[Start of section]

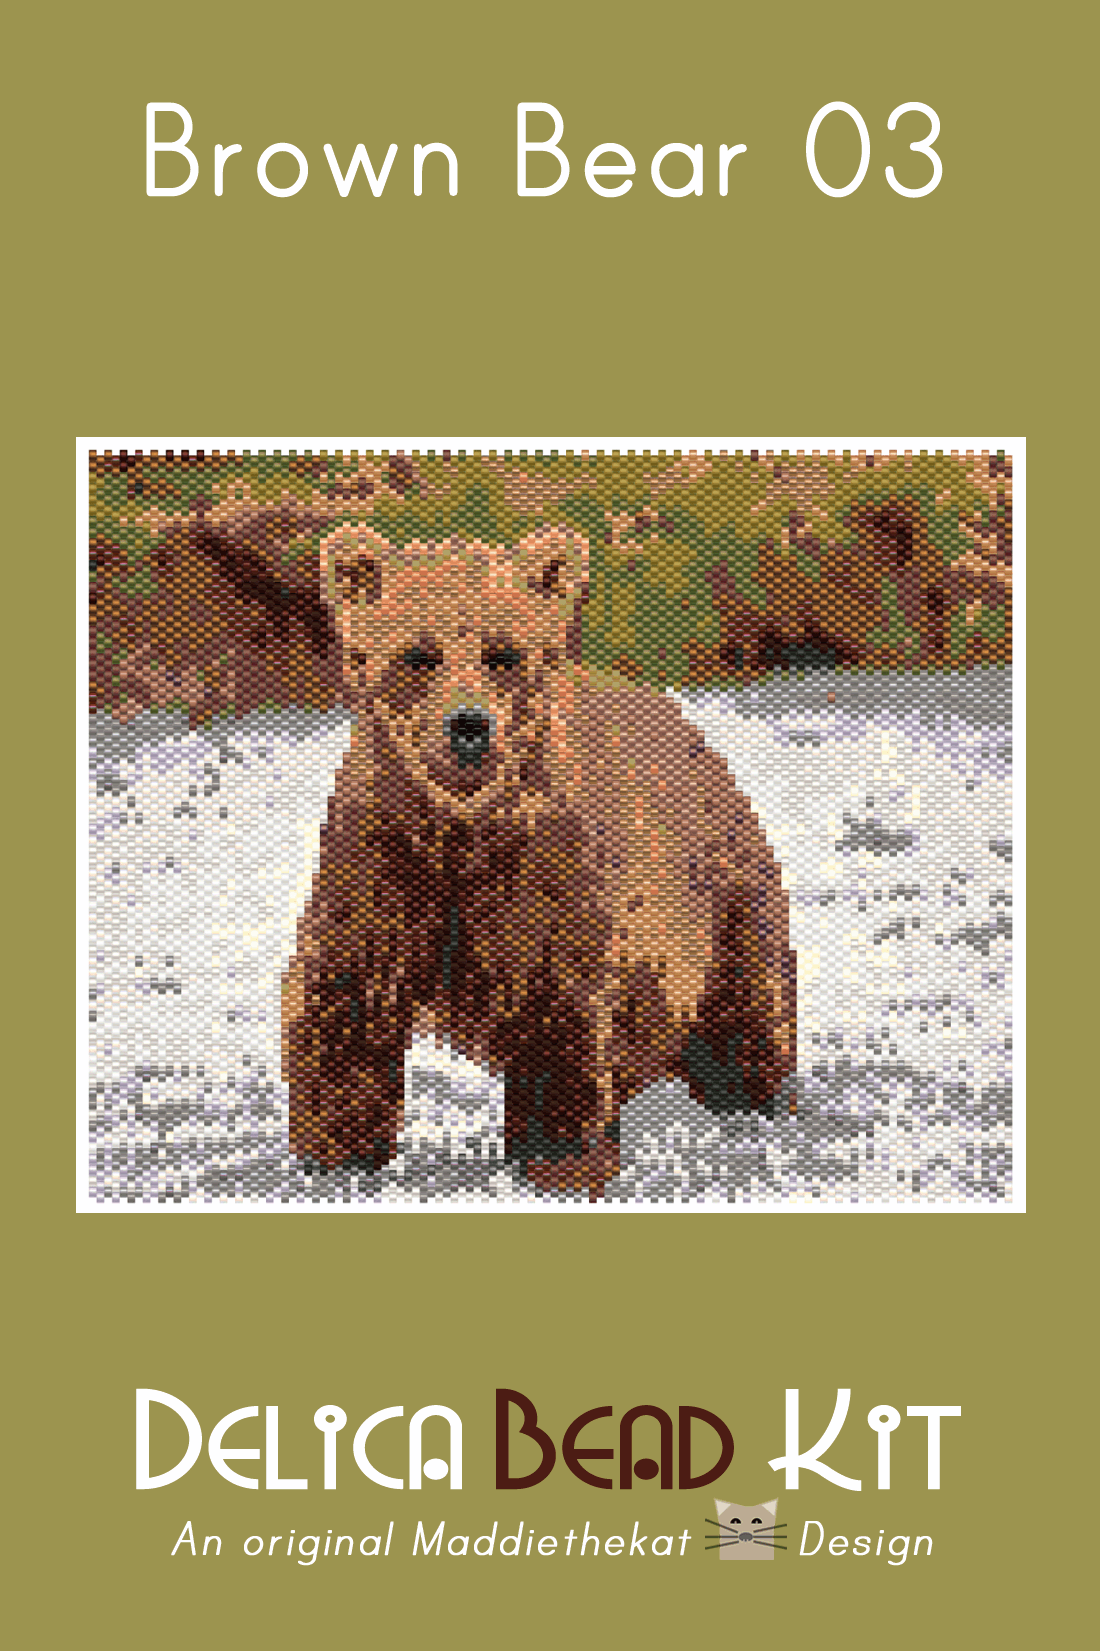 Brown Bear 03 Larger Peyote Bead Pattern PDF or Bead Kit
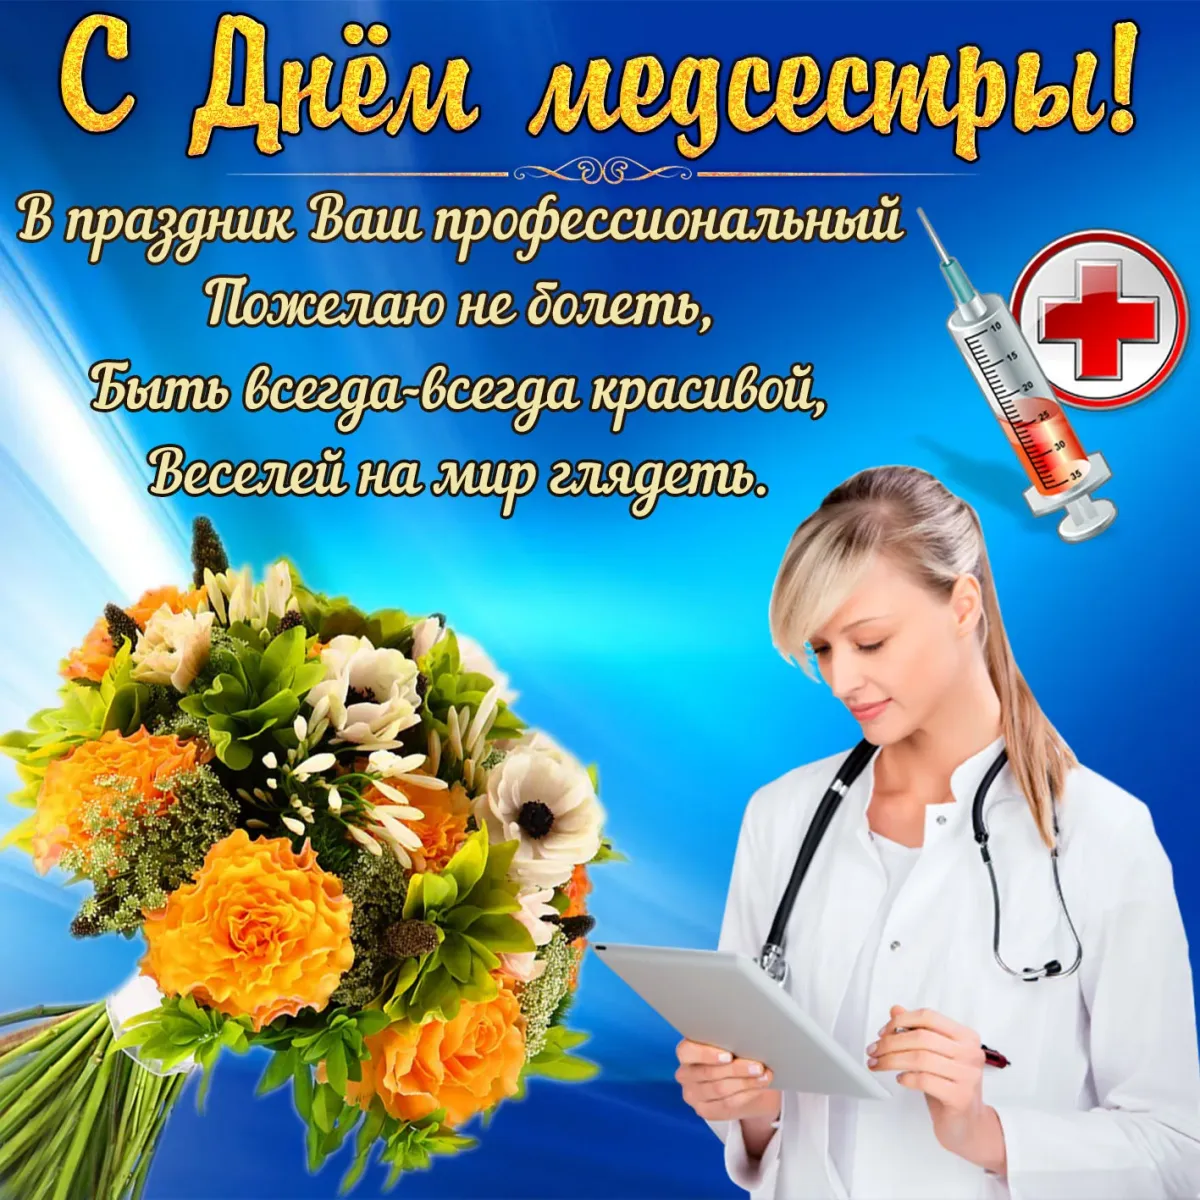 Поздравление с днем профессиональным праздником. С днём медицинской сестры поздравления. Поздравления с днём медсестры. Поздравление с днём мединской сестры. Открытки с днем медицинской сестры.
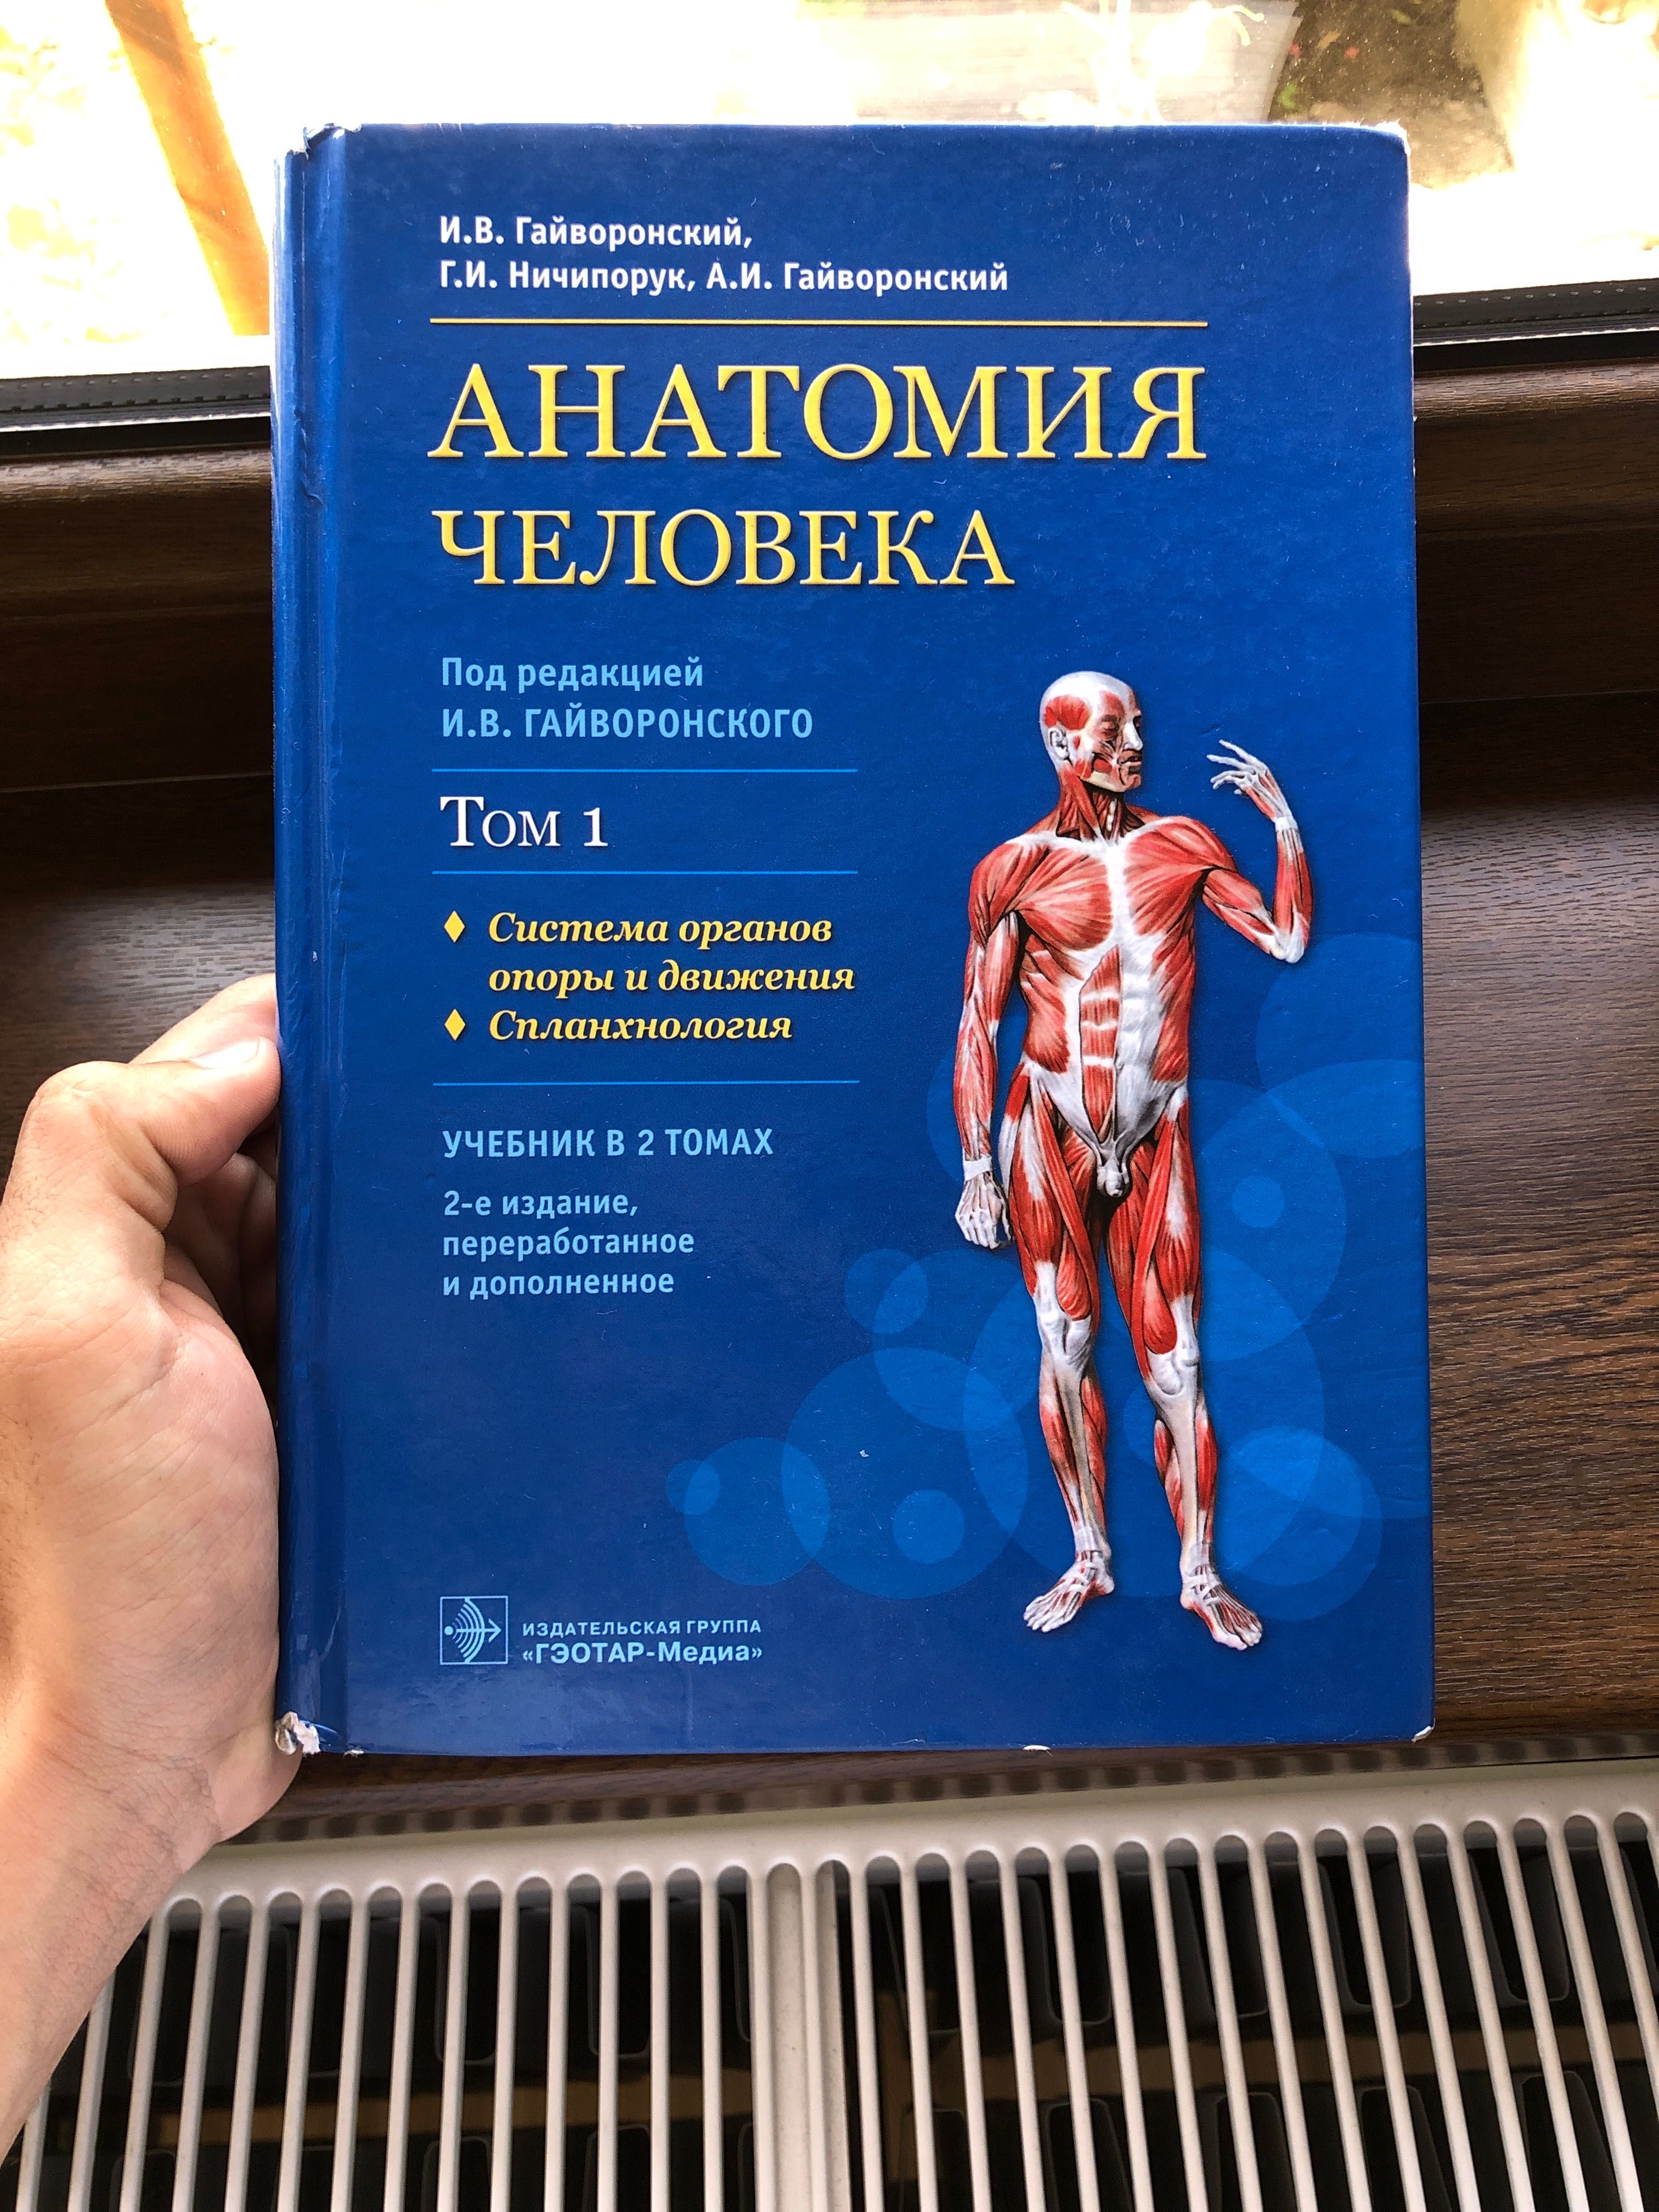 Книга Анатомия Гайворонский 1 Том

[End of section]

Your task: Retype the data exactly as it stands, but keep the images out of your copy.

Output of the exercise:
 Brown Bear 03 Larger Peyote Bead Pattern PDF or Bead Kit
 Поздравление с днем профессиональным праздником. С днём медицинской сестры поздравления. Поздравления с днём медсестры. Поздравление с днём мединской сестры. Открытки с днем медицинской сестры.
 Книга Анатомия Гайворонский 1 Том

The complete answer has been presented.